▸ Items listed in a dataset:
==*==
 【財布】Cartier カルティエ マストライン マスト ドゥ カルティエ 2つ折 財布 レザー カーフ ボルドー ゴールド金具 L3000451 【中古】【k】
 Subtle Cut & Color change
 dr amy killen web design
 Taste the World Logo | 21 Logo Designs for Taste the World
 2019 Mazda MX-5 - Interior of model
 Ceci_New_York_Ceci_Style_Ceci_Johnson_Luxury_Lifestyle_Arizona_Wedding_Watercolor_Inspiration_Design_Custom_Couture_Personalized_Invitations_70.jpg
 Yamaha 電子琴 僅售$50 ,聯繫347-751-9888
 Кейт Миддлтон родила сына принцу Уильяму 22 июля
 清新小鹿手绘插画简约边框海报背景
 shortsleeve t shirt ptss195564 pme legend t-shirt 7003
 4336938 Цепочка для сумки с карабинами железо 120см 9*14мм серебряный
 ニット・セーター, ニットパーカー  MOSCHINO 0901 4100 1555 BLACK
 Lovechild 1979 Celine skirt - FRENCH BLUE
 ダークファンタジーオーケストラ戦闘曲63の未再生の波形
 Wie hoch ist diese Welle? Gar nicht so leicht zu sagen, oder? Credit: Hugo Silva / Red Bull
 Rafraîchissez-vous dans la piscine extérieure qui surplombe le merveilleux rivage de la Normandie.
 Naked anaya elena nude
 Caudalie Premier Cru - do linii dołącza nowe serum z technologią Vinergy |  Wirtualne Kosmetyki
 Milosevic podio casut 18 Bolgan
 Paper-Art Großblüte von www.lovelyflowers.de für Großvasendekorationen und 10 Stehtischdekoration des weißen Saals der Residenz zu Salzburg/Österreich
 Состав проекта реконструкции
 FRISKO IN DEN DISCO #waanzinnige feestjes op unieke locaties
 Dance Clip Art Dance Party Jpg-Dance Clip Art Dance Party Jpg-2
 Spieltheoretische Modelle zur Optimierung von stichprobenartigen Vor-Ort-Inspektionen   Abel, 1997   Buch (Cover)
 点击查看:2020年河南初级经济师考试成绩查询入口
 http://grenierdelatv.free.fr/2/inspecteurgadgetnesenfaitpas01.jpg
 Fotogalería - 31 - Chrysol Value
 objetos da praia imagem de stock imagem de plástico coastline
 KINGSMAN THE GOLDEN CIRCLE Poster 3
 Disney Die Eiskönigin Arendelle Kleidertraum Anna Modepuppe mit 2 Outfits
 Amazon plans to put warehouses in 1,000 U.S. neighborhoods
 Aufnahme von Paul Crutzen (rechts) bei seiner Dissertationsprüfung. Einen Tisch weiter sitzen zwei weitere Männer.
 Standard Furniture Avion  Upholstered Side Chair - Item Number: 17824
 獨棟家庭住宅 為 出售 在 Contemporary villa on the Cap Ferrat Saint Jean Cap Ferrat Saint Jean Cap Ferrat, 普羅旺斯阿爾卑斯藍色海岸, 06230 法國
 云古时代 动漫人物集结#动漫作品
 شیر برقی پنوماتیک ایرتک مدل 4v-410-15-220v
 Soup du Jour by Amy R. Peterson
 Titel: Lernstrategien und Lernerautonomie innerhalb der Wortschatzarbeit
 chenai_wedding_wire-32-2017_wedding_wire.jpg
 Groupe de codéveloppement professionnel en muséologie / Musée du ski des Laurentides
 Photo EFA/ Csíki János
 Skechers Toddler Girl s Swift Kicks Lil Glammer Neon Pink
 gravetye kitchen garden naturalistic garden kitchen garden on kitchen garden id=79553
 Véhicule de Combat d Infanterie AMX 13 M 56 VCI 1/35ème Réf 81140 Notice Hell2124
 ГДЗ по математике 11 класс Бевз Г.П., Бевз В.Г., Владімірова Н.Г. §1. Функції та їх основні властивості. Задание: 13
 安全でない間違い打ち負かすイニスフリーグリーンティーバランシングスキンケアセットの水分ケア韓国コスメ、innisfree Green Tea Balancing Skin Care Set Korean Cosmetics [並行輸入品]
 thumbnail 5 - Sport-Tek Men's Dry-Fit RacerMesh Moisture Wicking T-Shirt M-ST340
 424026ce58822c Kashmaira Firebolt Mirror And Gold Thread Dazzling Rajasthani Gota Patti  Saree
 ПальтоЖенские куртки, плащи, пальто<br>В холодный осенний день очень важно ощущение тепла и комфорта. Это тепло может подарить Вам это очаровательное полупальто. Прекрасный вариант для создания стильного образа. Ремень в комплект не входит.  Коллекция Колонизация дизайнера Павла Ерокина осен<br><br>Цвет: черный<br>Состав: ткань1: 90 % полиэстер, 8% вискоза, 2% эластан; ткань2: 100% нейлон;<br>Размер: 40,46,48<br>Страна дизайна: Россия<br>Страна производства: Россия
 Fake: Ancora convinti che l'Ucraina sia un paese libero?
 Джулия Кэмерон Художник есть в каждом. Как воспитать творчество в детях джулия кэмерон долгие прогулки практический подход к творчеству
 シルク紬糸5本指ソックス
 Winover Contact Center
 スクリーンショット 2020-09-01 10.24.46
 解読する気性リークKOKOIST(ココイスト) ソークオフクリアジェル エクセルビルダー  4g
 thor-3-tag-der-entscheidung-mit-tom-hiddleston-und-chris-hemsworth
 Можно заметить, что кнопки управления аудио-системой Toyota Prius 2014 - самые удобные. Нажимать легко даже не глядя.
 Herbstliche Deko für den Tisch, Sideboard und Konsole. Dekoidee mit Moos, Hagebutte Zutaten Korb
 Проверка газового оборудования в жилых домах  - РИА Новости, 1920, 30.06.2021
==*==
▸ EXERCISE GOAL:
Retype the entries above exactly, but only from the line containing "dr amy killen web design" through the line containing "清新小鹿手绘插画简约边框海报背景", both included.

▸ RESULT FOR THIS EXERCISE:
 dr amy killen web design
 Taste the World Logo | 21 Logo Designs for Taste the World
 2019 Mazda MX-5 - Interior of model
 Ceci_New_York_Ceci_Style_Ceci_Johnson_Luxury_Lifestyle_Arizona_Wedding_Watercolor_Inspiration_Design_Custom_Couture_Personalized_Invitations_70.jpg
 Yamaha 電子琴 僅售$50 ,聯繫347-751-9888
 Кейт Миддлтон родила сына принцу Уильяму 22 июля
 清新小鹿手绘插画简约边框海报背景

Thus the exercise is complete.